相続における債務の取扱い

被相続人には不動産や金融資産などのプラスの財産ばかりでなく、借金などのマイナスの財産(債務といいます)があることも多くあります。

相続は、被相続人に属する一切の権利・義務を承継するものですから、プラスの財産に加えてマイナスの財産も相続の対象になります。

そこで、相続において債務がどのように取り扱われるかを見ていきましょう。

債務の相続割合

相続の原則として、相続人は相続分に応じて被相続人の財産(権利義務)を承継します。また、遺言によって相続分の指定がある場合には、法定相続分に応じた割合により債務を承継するものとされています。
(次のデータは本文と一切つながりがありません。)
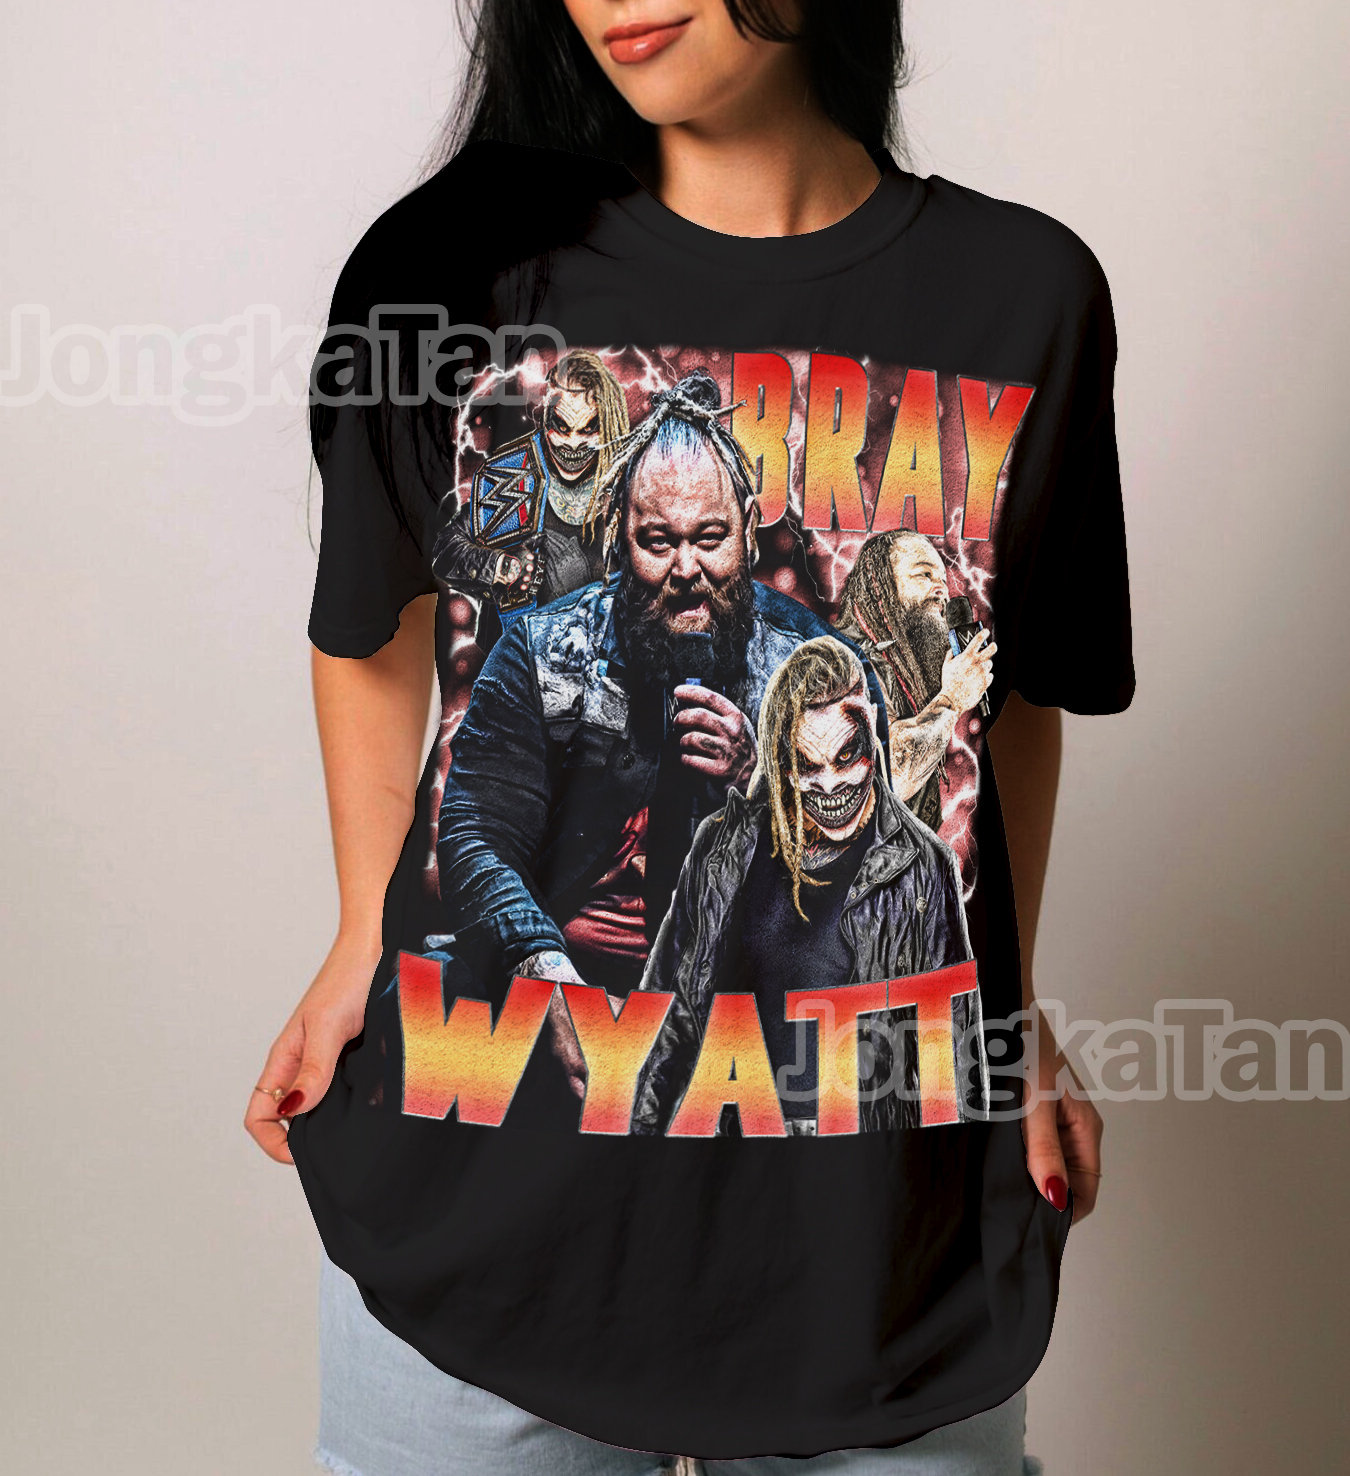 Bray Wyatt Shirt

一方で相続人同士の関係においては、遺言によって相続分の指定があった場合には、債務の承継も指定相続分に応じた割合になるとされます。

この説明では分かりづらいと思いますので、事例を挙げて説明したいと思います。

相続人が長男と二男の2人で、法定相続通り遺産分割したとき
同順位の相続人が二人ですから、長男と二男は2分の1ずつ財産を継承します。
債務(借金)は、法定相続割合に従い、長男と二男はそれぞれ「2分の1」ずつを債権者に返済しなければならないのが原則です。
相続人が長男と二男の2人で、遺言で長男に全財産を相続させる遺言をしたとき
遺言で遺産全部を長男に相続させる場合には、財産の全額を長男が承継することになり、債務についても長男が全額を承継することになります。
債務(借金)の全額を長男が継承することになりますが、これはあくまで相続人同士の内部関係に留まります。債権者(借金の貸主)に対しては法定相続割合に従い、長男と二男はそれぞれ2分の1を返済しなければならないのが原則です。
これは、遺言者の意思により、マイナス財産(債務)の承継割合を、債権者の了解もなく一方的に変更するのは不当だという考え方に基づいています。
もし、債権者(借金の貸主)からの請求に応じて、二男が借金の一部を返済したときは、長男と二男の間では債務は長男が全額負担するという合意ができていますので、二男は返済した金額を自分に支払うよう長男に求償することができます。
また、お金の貸主(債権者)は、兄弟間で成立した債務はすべて兄が負担するという遺言の効力を承認することができます。これを承認した場合は、長男に対して借金全額の返済を請求することができ、二男に対しては返済を請求できなくなります。
不可分債務の場合
これまで説明してきた借金などの債務は、分割可能な債務でした。
しかし、数量的に分割することができない債務もあります。これを不可分債務といいます。
例として以下のようなものが挙げられます。
・物の引渡債務(例:生前に売った自動車を、買主に引き渡す義務)
・移転登記債務(例:生前に売った不動産の名義を、買主名義に書き換える義務)
相続人が2人いたとしても、それぞれが自動車の2分の1を引き渡すことはできません。
そこで、不可分債務は、相続人全員が債務全体を履行する義務を負っており、誰か一人が履行すれば債務が消滅するということになっています。

相続されない債務

例外として、相続対象とされない債務があります。

一身相続性のある債務

被相続人に一身専属性のある債務は相続されません。

一身専属性のある債務とは、扶養義務や婚姻費用分担義務など、身分法上の義務が該当します。

民法に規定がある債務

民法において当事者の死亡を契約関係の終了事由とするものは、被相続人の死亡時に既に発生している金銭債務を除き、契約関係上の債務は相続されません。具体的に以下のようなものがあります。

 ・定期贈与

 ・使用貸借

 ・委任

 ・組合

判例のある債務

包括的根保証契約に基づく保証人としての地位、並びに身元保証契約に基づく身元保証人としての地位は、判例上、特段の事情がない限り相続されないとされます。
これらの契約に基づく債務で、被相続人の死亡時に既に発生しているものは相続の対象になります。